The thought would, in the old timeline, have been absurd. Jack Fenton was built like a bear, and could probably still lift both Jazz and Danny over his head the way he had when they were kids, if they hadn’t both started protesting whenever he tried it the moment they hit double digits. He’d infuriated everyone by hardly coming down with so much as a cold in fourteen years. One short conversation couldn’t have done _this_ , could it?

Or…so far, the changes seemed sort of small. Fenton Works was still in the same place, Jazz and Sam and Tucker were all the same…everything except the Plasmius thing, and Danny just bet this was some sort of complicated brainwashing scheme – it sounded just the frootloop’s style, somehow. And if Jack was sick and Plasmius was a local hero, how much easier would it be to swoop in and sweep Maddie off her feet when Jack suffered a _tragic_ ‘natural’ death from whatever it was he had?

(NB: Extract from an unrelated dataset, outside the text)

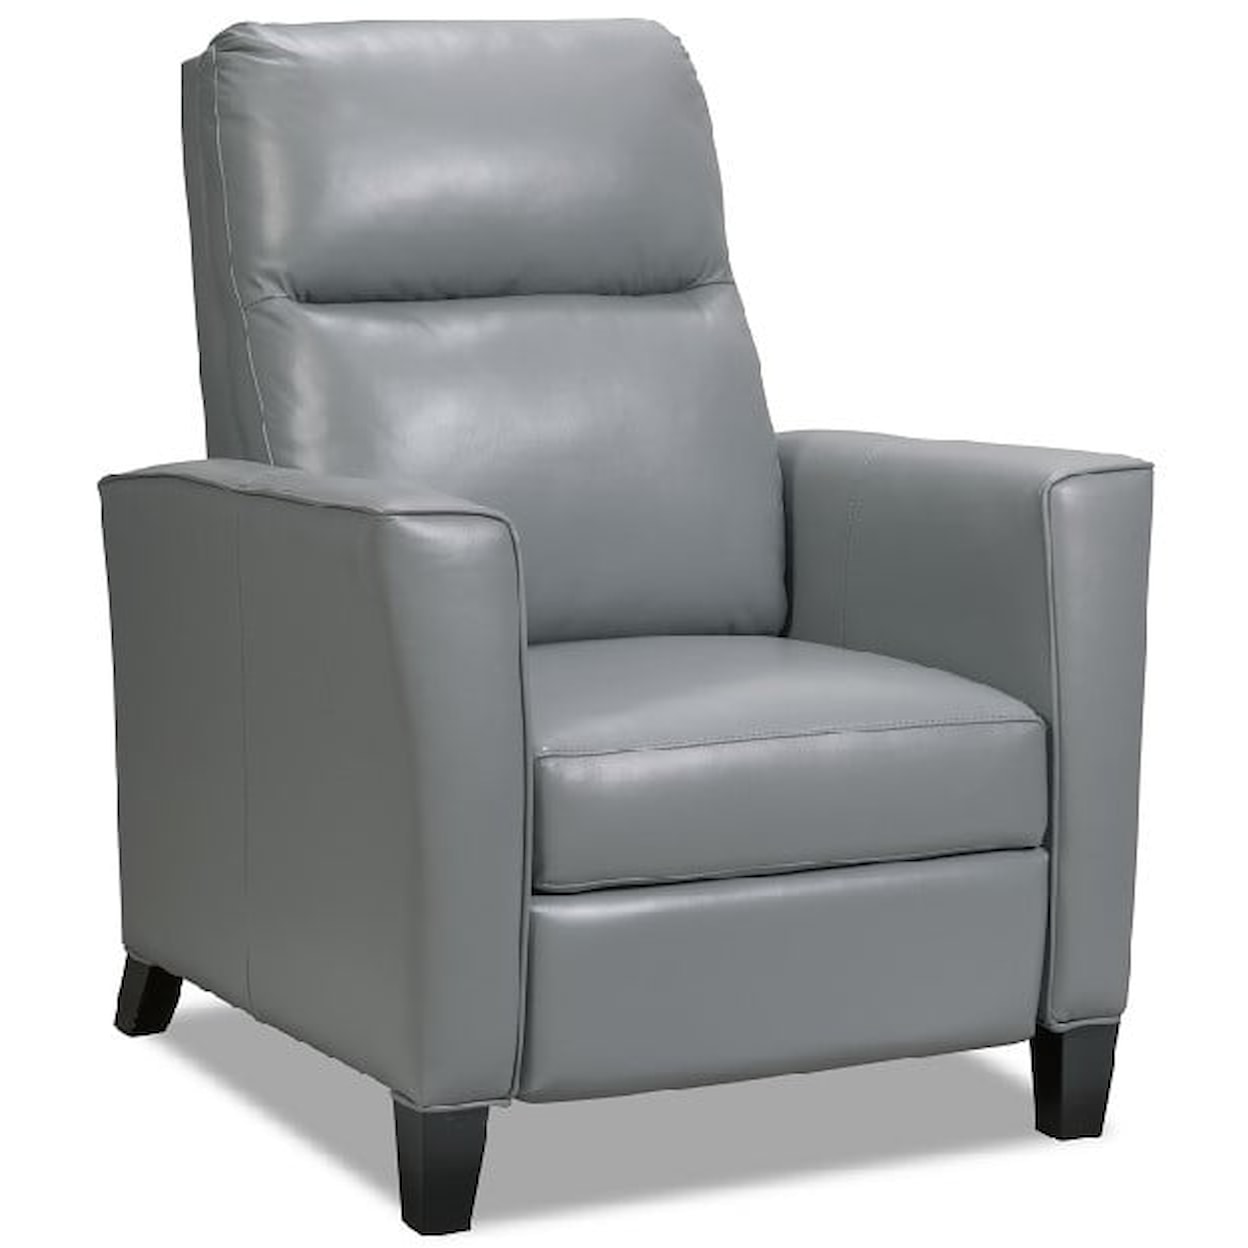 Southside Designs Myles Leather Push Back Recliner

“He does here,” Tucker said, probably trying for ‘apologetic’ but ending up somewhere around ‘seriously freaked out’. “Uh, obviously. Look, it’s not that we think you’re lying, but all this is just kinda…”

“Freaky?” Sam supplied. “Unbelievable? Makes no freaking sense?”

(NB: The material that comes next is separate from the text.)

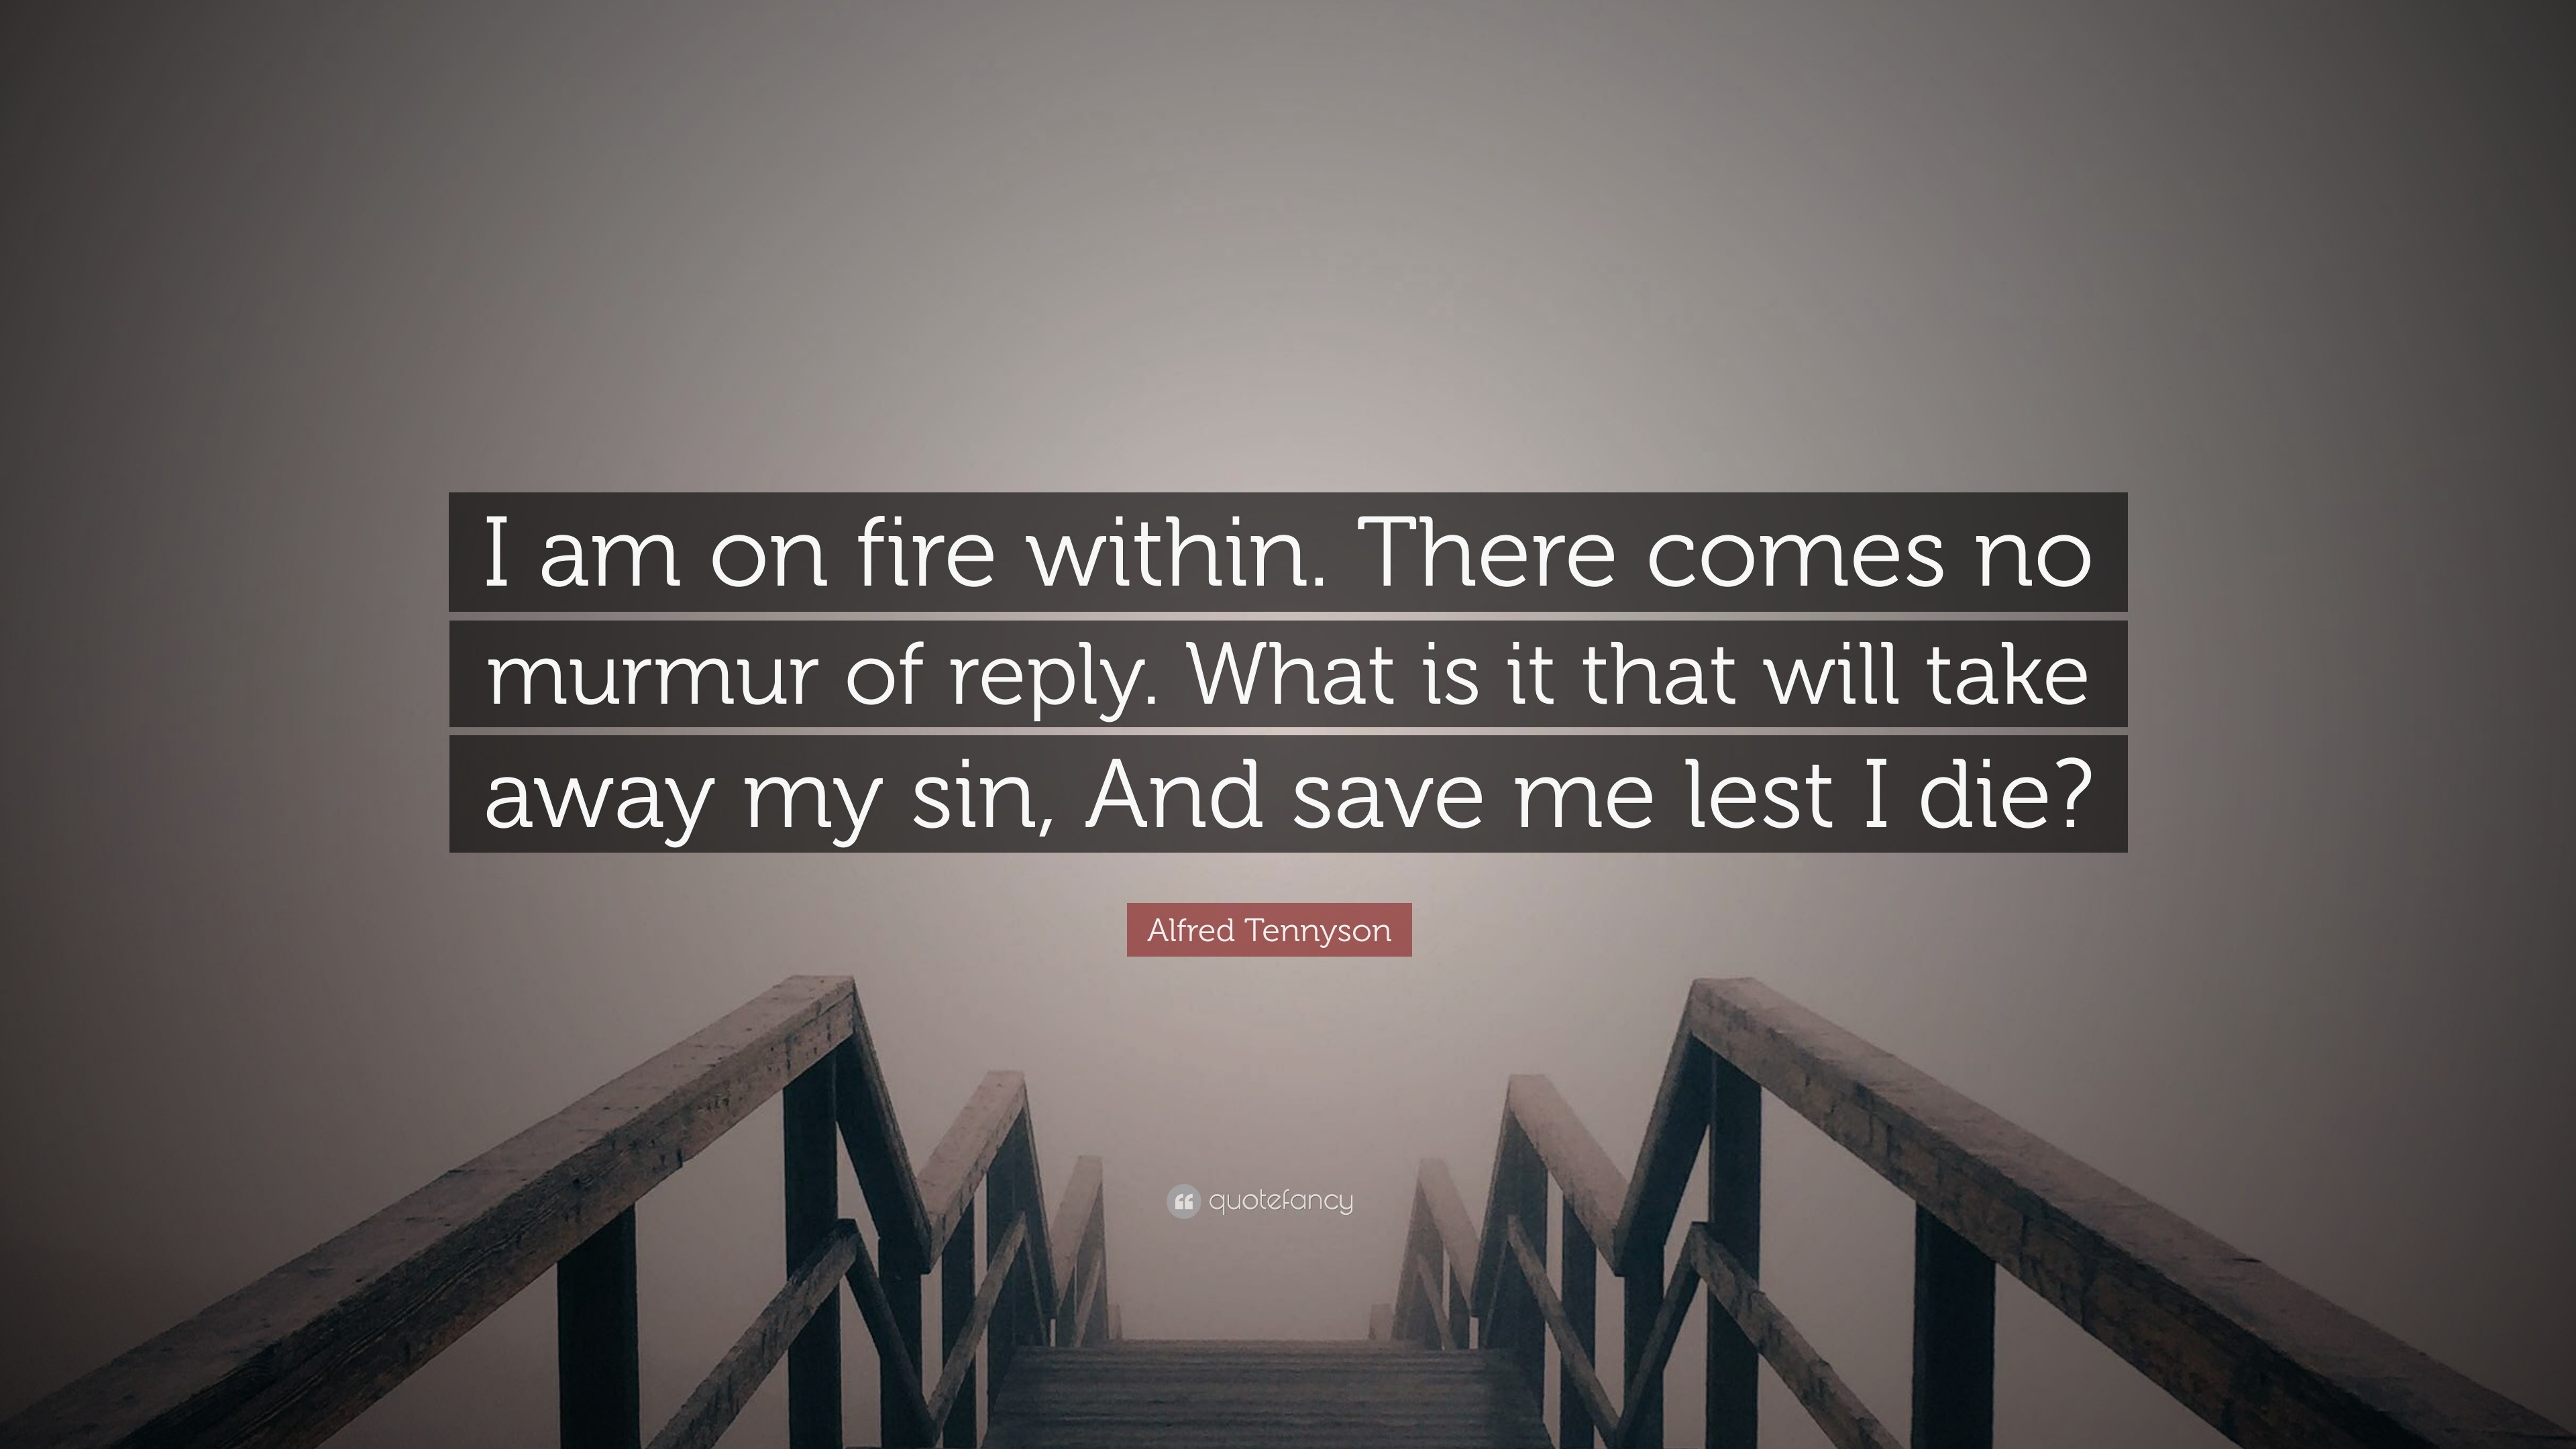 Alfred Tennyson Quote: “I am on fire within. There comes no murmur of  reply. What is

“Yeah,” Tucker agreed, “Pretty much.

“It’s not that we think you’re lying,” Sam added when Danny glared at her, “Just…you _said_ you were only there for a couple minutes, didn’t you? How much difference could that make?”

“Ok? And? What d’you think is more likely?” Danny demanded.

Sam shrugged, “Say this Clockwork guy exists, and he did something to your head? Made you remember something that didn’t happen, or brainwashed you into forgetting about some things? It wouldn’t be the first time something like that happened, right?”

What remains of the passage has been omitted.